Common Weak Areas and Traps
| Weak area | Why candidates miss it | Final-review correction |
|---|---|---|
| Treating AI as only a model topic | Exam scenarios often include infrastructure, security, and operations | Always ask: data, network, identity, monitoring, governance |
| Memorizing terms without decisions | Real questions may test judgment | Practice mapping scenario clues to technical choices |
| Overusing accuracy | Accuracy can hide serious failure modes | Review precision, recall, F1, and business impact |
| Ignoring access control in RAG | Retrieval can leak restricted data | Authorization must happen before content is retrieved |
| Confusing fine-tuning with RAG | They solve different problems | RAG adds current/private context; fine-tuning changes behavior/style |
| Assuming AI output is authoritative | AI can be probabilistic and wrong | Add validation, citations, confidence, and human review |
| Forgetting operational rollback | AI deployments can degrade after release | Know versioning, monitoring, rollback, and incident response |
| Missing data leakage | Test results can be unrealistically good | Keep training/test separation and time-aware validation |
| Ignoring edge constraints | Edge sites may have limited compute or connectivity | Consider local inference, updates, fallback, and monitoring |
| Treating logs as safe by default | Logs may contain sensitive data or secrets | Classify, sanitize, and control retention/access |
Final-Week Review Checklist
Seven to Five Days Out
- Re-read Cisco AI Technical Practitioner (810-110 AITECH) exam information available to you.

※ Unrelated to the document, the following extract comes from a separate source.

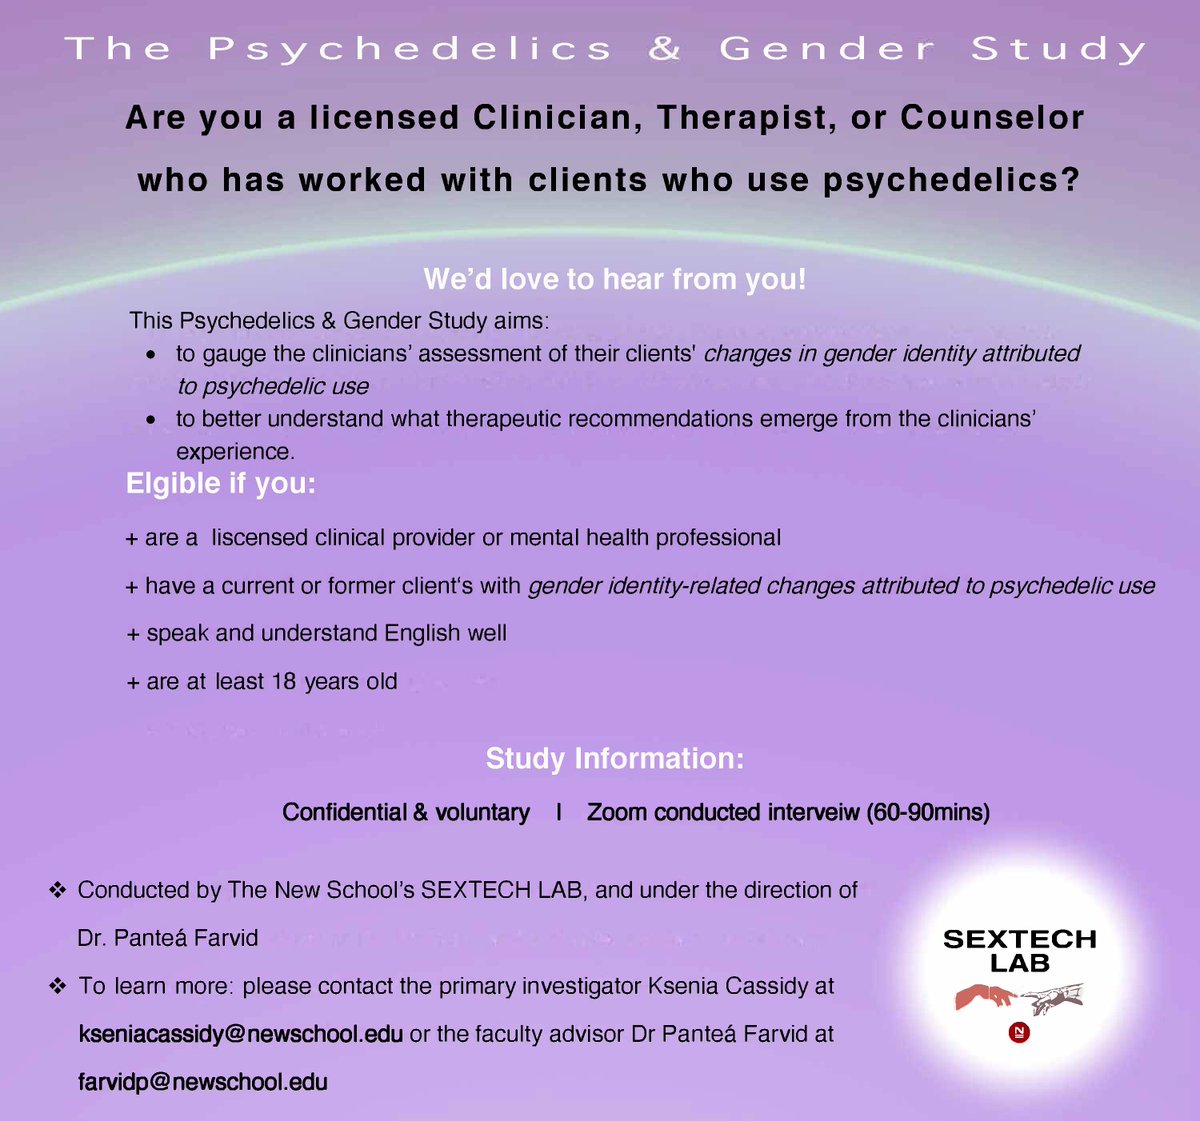 Actively recruiting licensed clinicians for our #psychedelics and #gender study - contact me or Dr @PaniFarvid to participate, and spread the word! #psychedelicresearch #genderdysphoria #sexuality #SexTechLab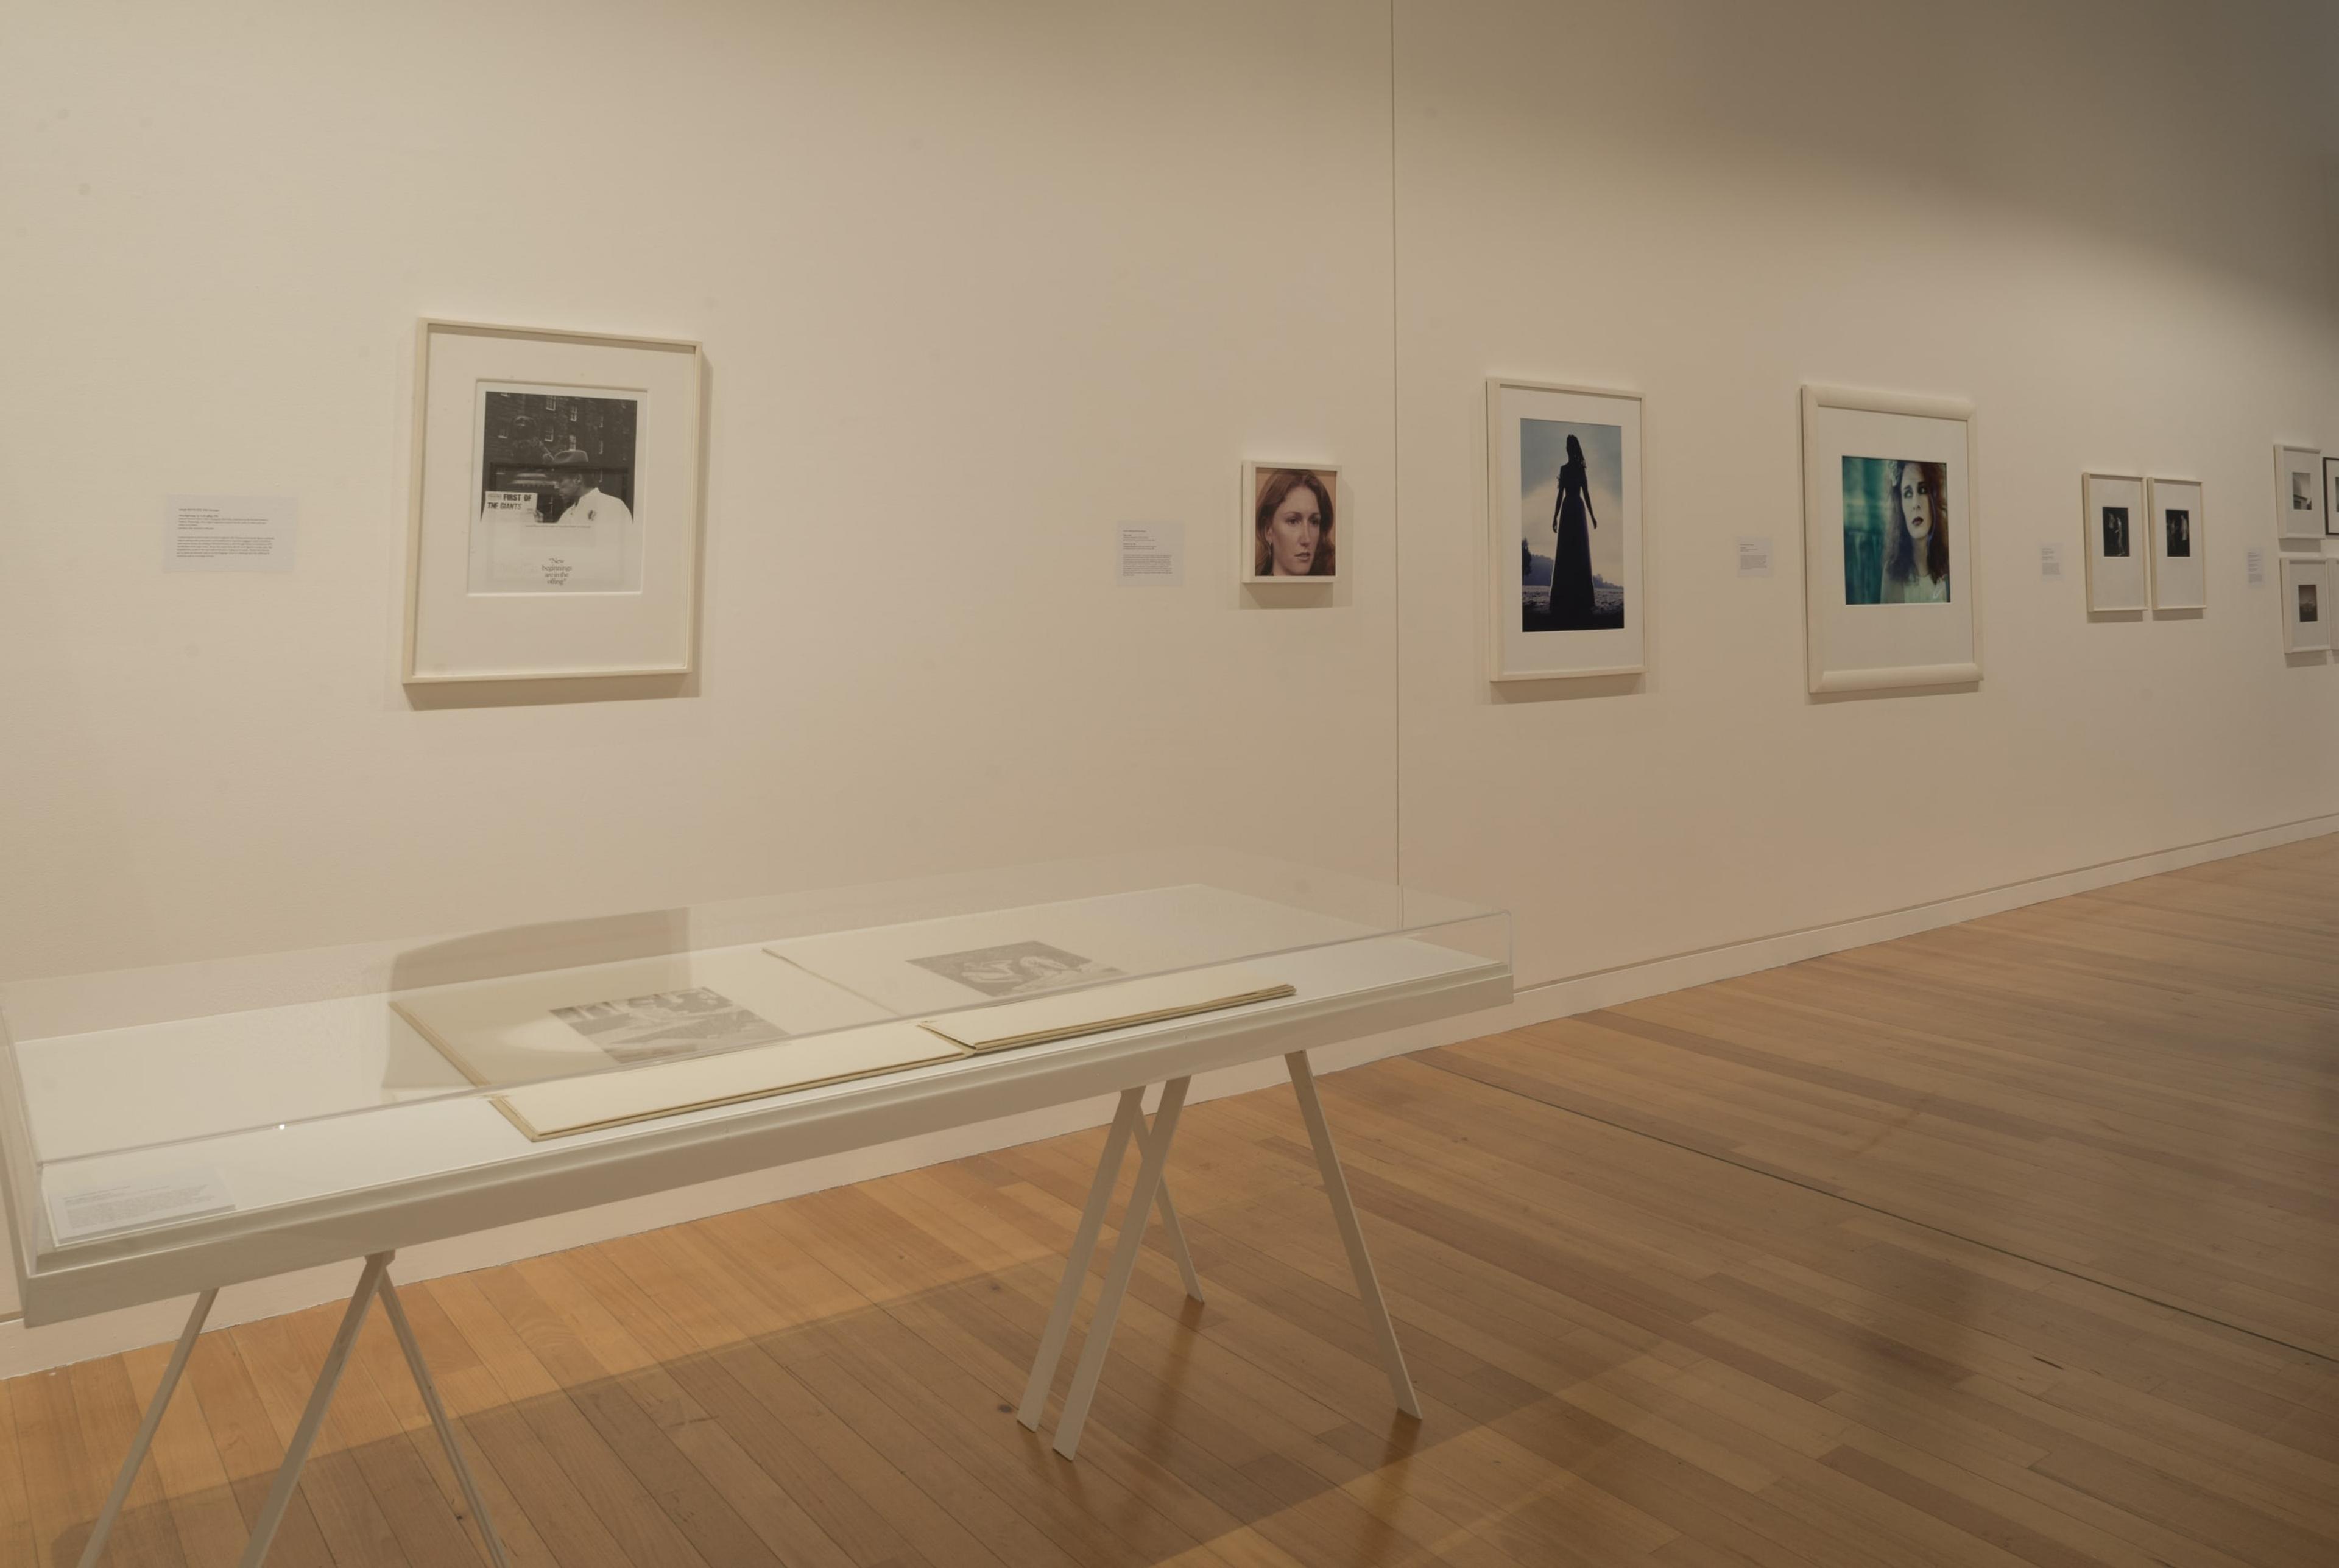 Installation view of Still looking: Peter McLeavey and the last photograph, 6 October – 20 December 2018, Adam Art Gallery Te Pātaka Toi.

- Build a one-page map of AI lifecycle stages and artifacts.
- Review data quality, leakage, bias, labeling, and lineage.
- Practice metric interpretation using small confusion matrix examples.
- Review generative AI terms: prompts, embeddings, RAG, hallucination, guardrails.
- Review infrastructure tradeoffs: edge vs centralized, training vs inference, latency vs throughput.
- List security controls for datasets, prompts, APIs, models, and logs.
Four to Two Days Out
- Work scenario questions rather than only definition questions.
- For every missed question, classify the miss: concept, wording, scenario clue, or rushing.
- Practice explaining why one option is safer or more practical than another.
- Review troubleshooting symptoms and likely root-cause areas.
- Review responsible AI and governance decision points.
- Practice identifying when human approval is required.
- Reduce notes to high-yield decision rules.
Day Before
- Review your weakest three topic areas only.
- Recheck metric definitions and common AI security risks.
- Review RAG vs fine-tuning vs rules one more time.
- Review deployment and rollback flow.
- Avoid cramming exact product limits or unsupported details.
- Prepare exam logistics and rest.
Exam-Day Mental Checklist
Before choosing an answer, ask:
- What is the actual problem: prediction, generation, retrieval, automation, security, or operations?
- What is the highest-risk failure mode?
- Is the issue caused by data, model, infrastructure, network, identity, or process?
- Does the option protect sensitive data and enforce least privilege?
- Does the option include monitoring, rollback, or human review when needed?
- Is a simpler non-AI solution more appropriate?
Practical Next Step
Use this Exam Blueprint as a gap analysis. Mark each checkbox as ready, needs review, or needs practice. Then focus practice on scenario questions that force you to choose between AI design options, security controls, deployment patterns, and troubleshooting paths for the Cisco AI Technical Practitioner (810-110 AITECH) exam.